25 November 2019

25 November, Antonio Cardinal Bacci: Meditations For Each Day

The Blessedness of the Meek

1. Charity, as St. Thomas says, is the source of all the virtues. (S. Th., 11-11, q. 157, a. 2) This includes meekness, or that quality of moderation by which a Christian ought to govern his passions, especially anger, and keep them subject to the control of reason. This virtue is opposed to pride and to vanity in that these passions, when wounded, culminate in outbursts of anger and in quests for revenge.

Meekness is not simply a form of apathy or of good-natured affability. On the contrary, it is based both on humility and on fortitude. It feels insult and ingratitude, and does not remove the suffering which accompanies them, but it demands the heroism of silence and of charitable behaviour towards those who hurt us. For this reason it is not identical with weakness, but requires spiritual fortitude because it makes a man complete master of himself. (Cf. S. Th., 11-11, q. 157, a. 4) Anger is not always sinful, as the Holy Spirit indicates. (Ps. 4:5) If it remains subject to the control of reason and of charity, indeed, it is only a reaction against evil and can exist alongside Christian meekness. It is fatal, however, to allow anger to become blind and tyrannical, for it will then betray a man into hatred and vengefulness. It will grow noisy and vulgar, give scandal to others, and leave in the soul a sense of restlessness and of vexation." (Cf. "Philothca," Bk. III, c. 9) “If the Holy Spirit may be called the peace of the soul, uncontrolled anger may be called its disturber.

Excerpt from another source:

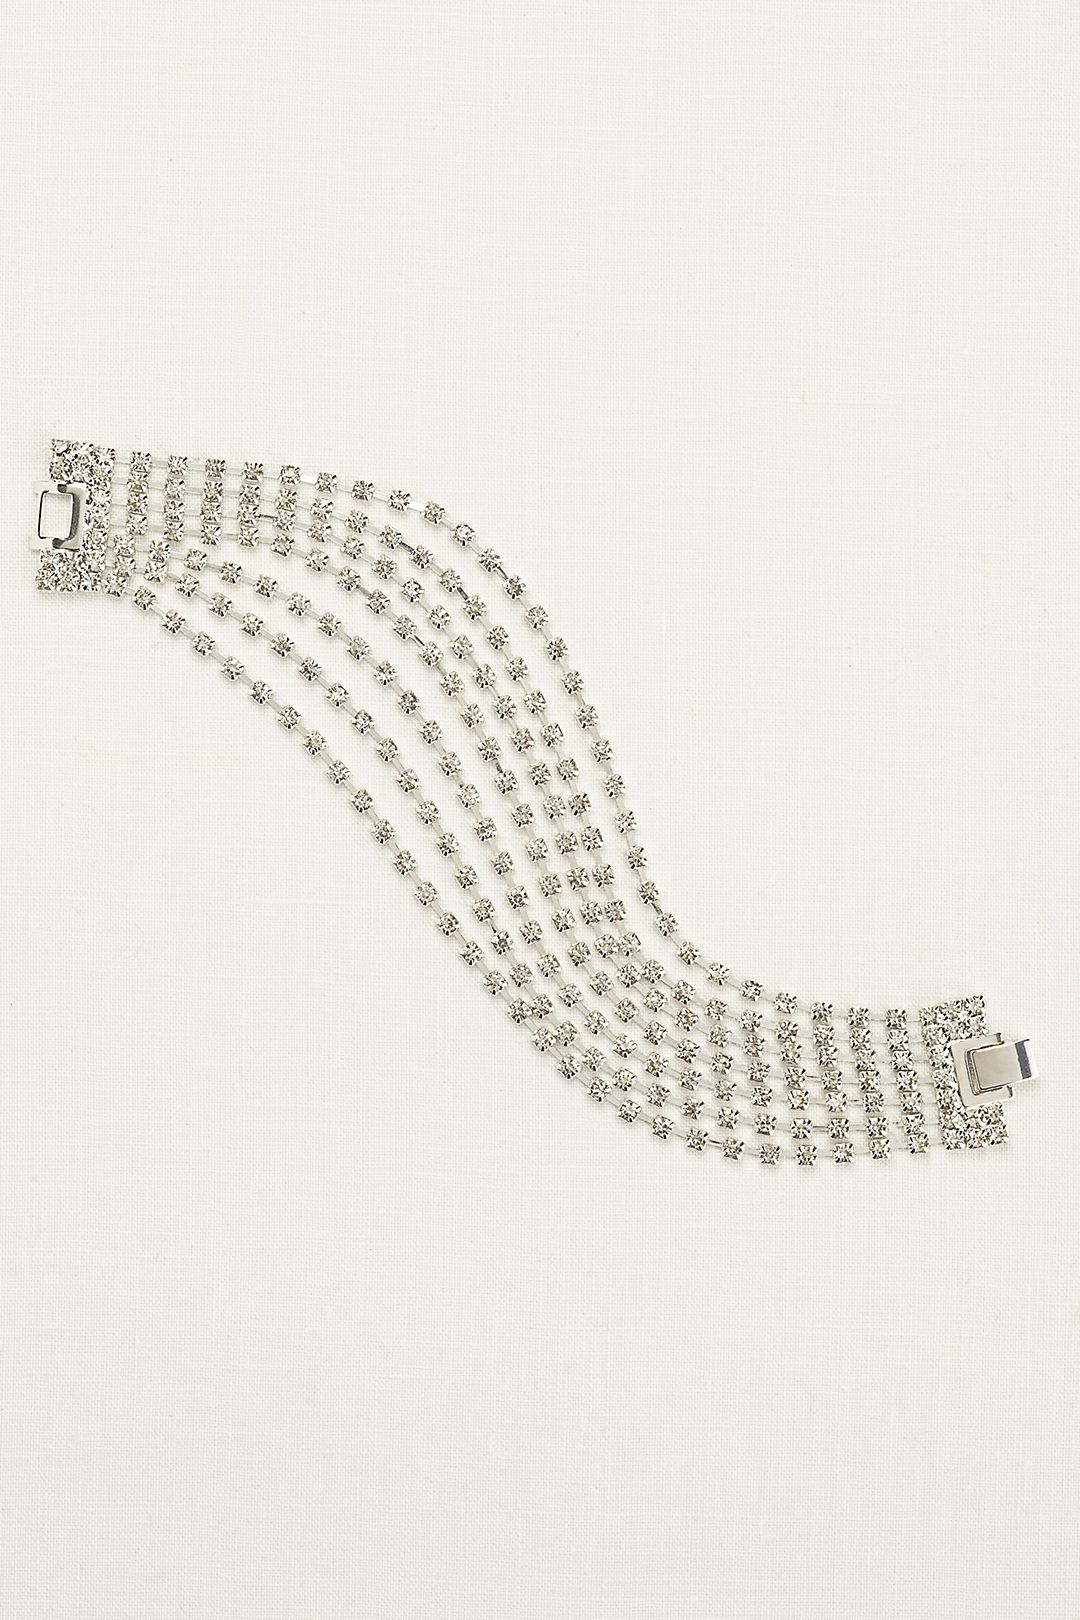 Seven Row Crystal Clasp Bracelet Image 3

Nothing is more hostile than anger to the indwelling of the Holy Spirit within us.” (St. John Climacus, "Scala Paradisi," P. 286)

Let us resolve never to allow ourselves to be led away by immoderate anger, but to preserve at all times our peace of soul.

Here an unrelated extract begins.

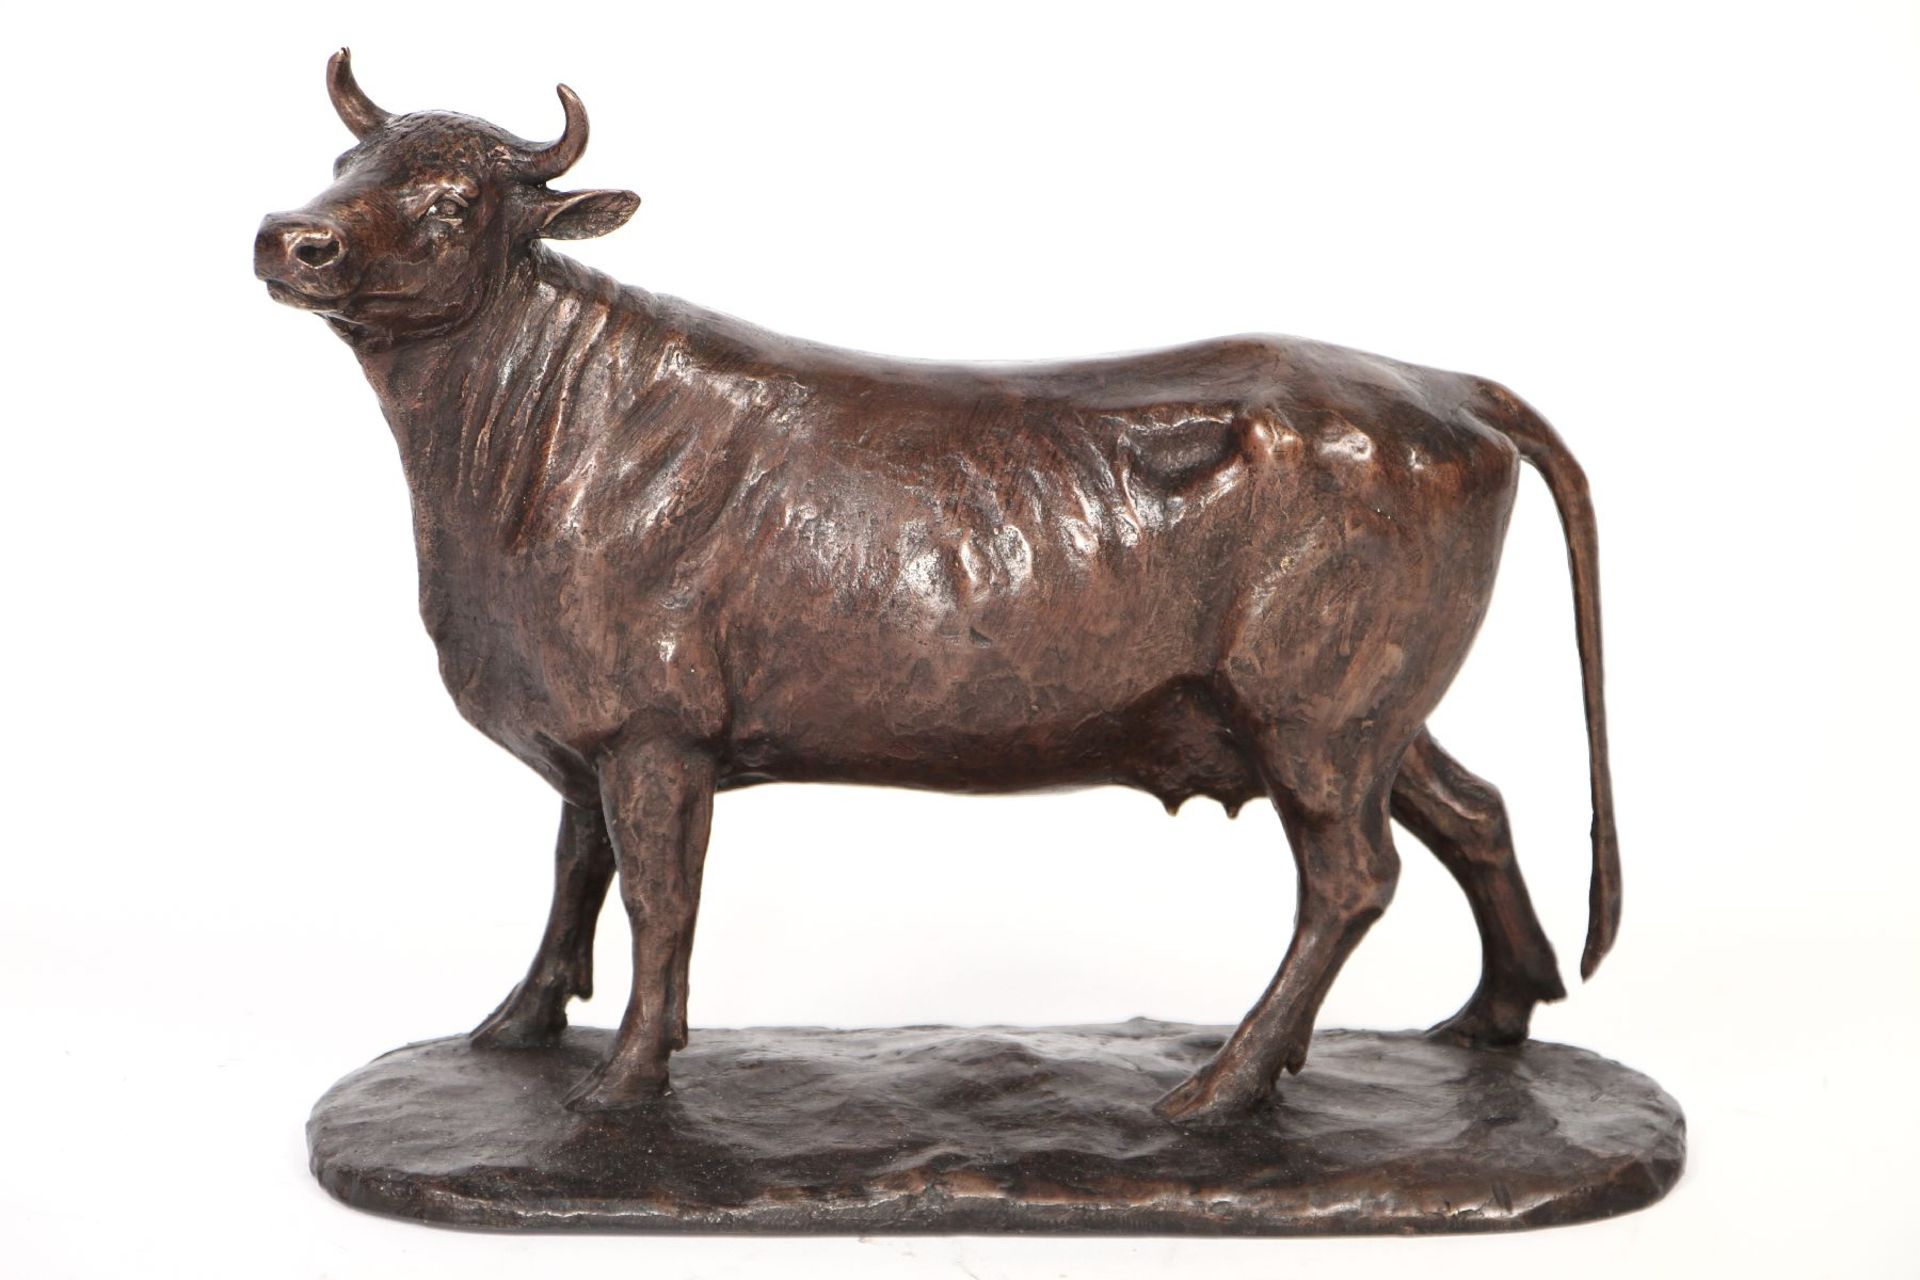 Cow, bronze, dark brown and golden brown patinated, naturalistic representation, detailed vivid

2. “Learn from me,” said Jesus when He proposed Himself to us as our model, “for I am meek and humble of heart, and you will find rest for your souls. For my yoke is easy, and my burden light.” (Mt. 11:30) “By your patience,” He said on another occasion, “you will win your souls.” (Luke 21:19) “Love your enemies,” He said also, “do good to those who hate you, and pray for those who persecute and calumniate you, so that you may be children of your Father in heaven, who makes his sun to rise on the good and the evil, and sends rain on the just and the unjust.” (Mt. 5:44)

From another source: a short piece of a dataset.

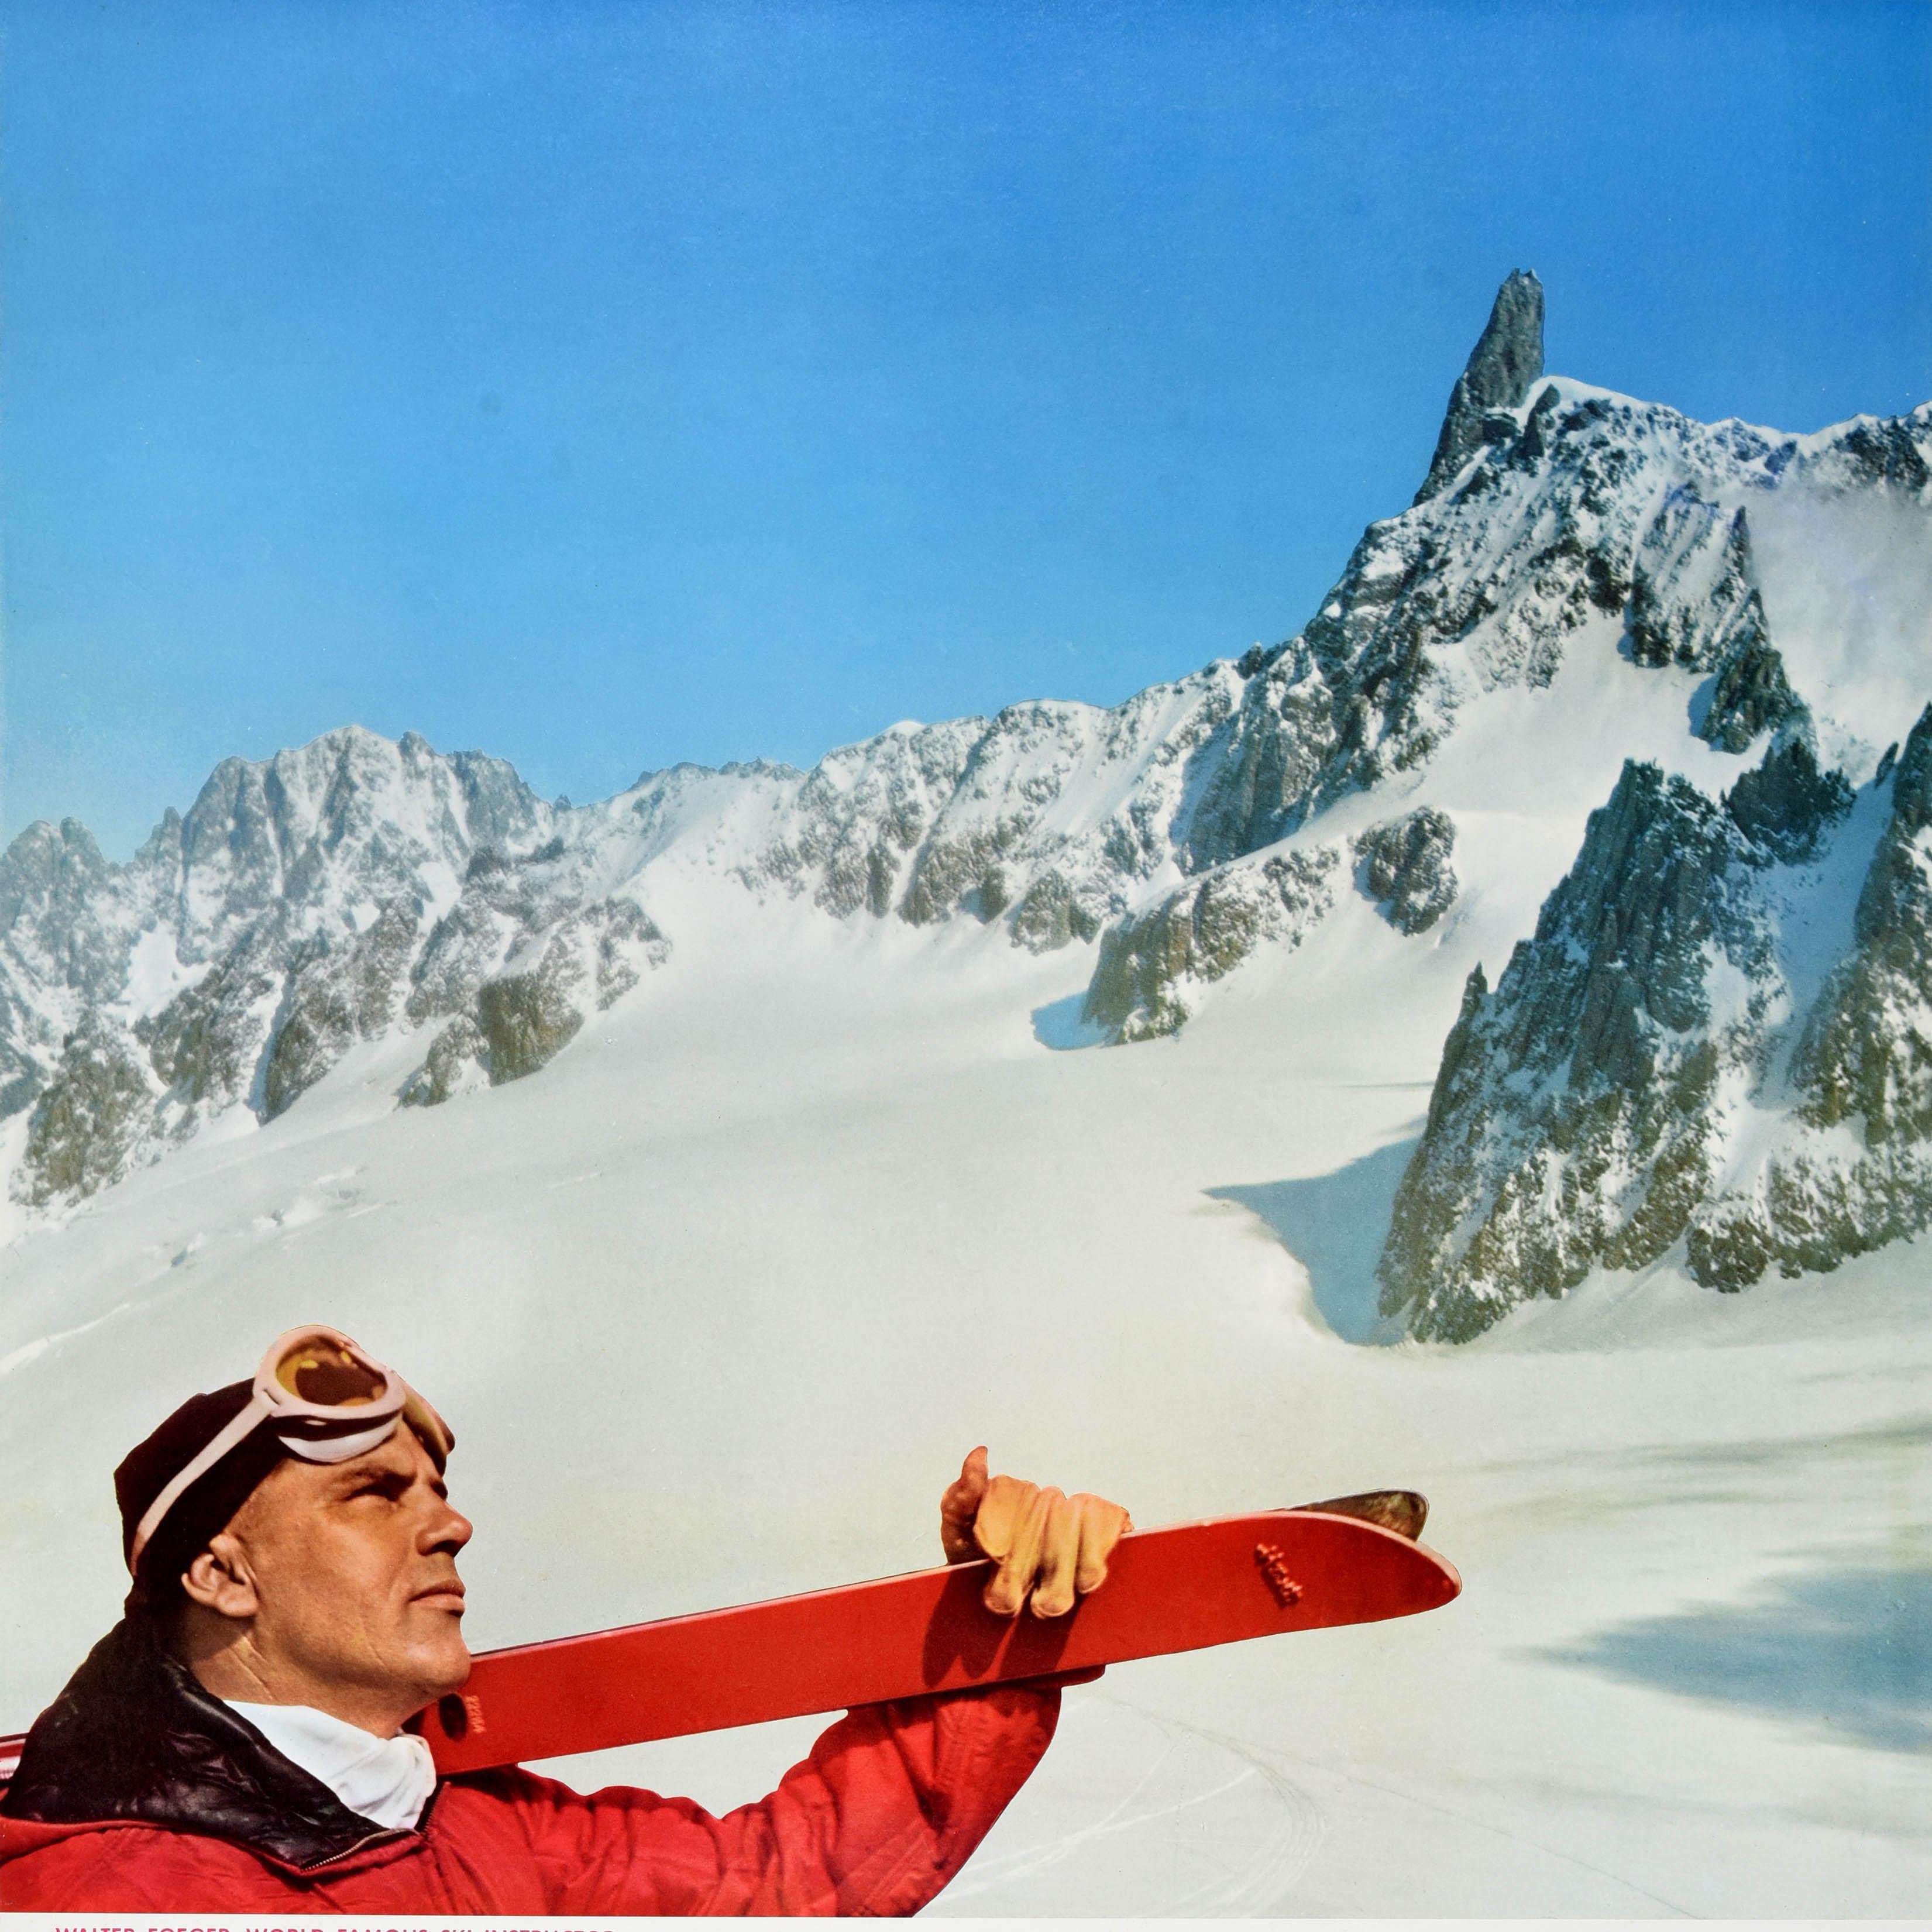 Italian Original Vintage Skiing Travel Poster Ski Italy Alitalia Airlines Walter Foeger For Sale

If we obey this lofty teaching, we shall have peace of soul. We shall not be easily annoyed, but shall rather regret the misdeeds and unhappiness of those who unjustly offend us. Moreover, we shall be able to persuade our fellow-men to follow the path of virtue. This is why the Psalmist says that “the meek shall possess the land, they shall delight in abounding peace.” (Ps. 36:11) “Blessed are the meek,” Jesus repeats in the Sermon on the Mount, “for they shall possess the earth.” (Mt. 5: 4)

What is meant by this promise? Tyrants, persecutors, and evil-doers have passed away and are remembered with bitterness and execration. But the Saints still hold sway over the world and dominate the minds and hearts of millions, winning universal love and veneration. We should imitate the gentleness which can give such peace and exert such influence.

3. St. John Climacus notes that there are three levels of meekness. (Scala Paradisi, pp. 296-298) The first grade, he says, consists in enduring with difficulty the injuries done to us. The second consists in enduring them without displeasure, and the third in regarding them as an honour. Those who reach the first level are to be congratulated, those who reach the second are to be applauded, but those in the third and highest category are really blessed by God. "One day," he says, "I saw three monks receiving the same insult. The first was offended but said nothing; the second was not displeased on his own account, but regretted the offence against Almighty God; the third wept for the fault of his neighbour." The first monk, the Saint comments, feared God; the second loved God; and the third loved both God and his fellow-man.

At what stage of perfection in this virtue can we claim to have arrived? If we desire to be sincere Christians, we must realise that we ought to have achieved at least the first level and should hope to advance eventually as far as the third and most perfect grade.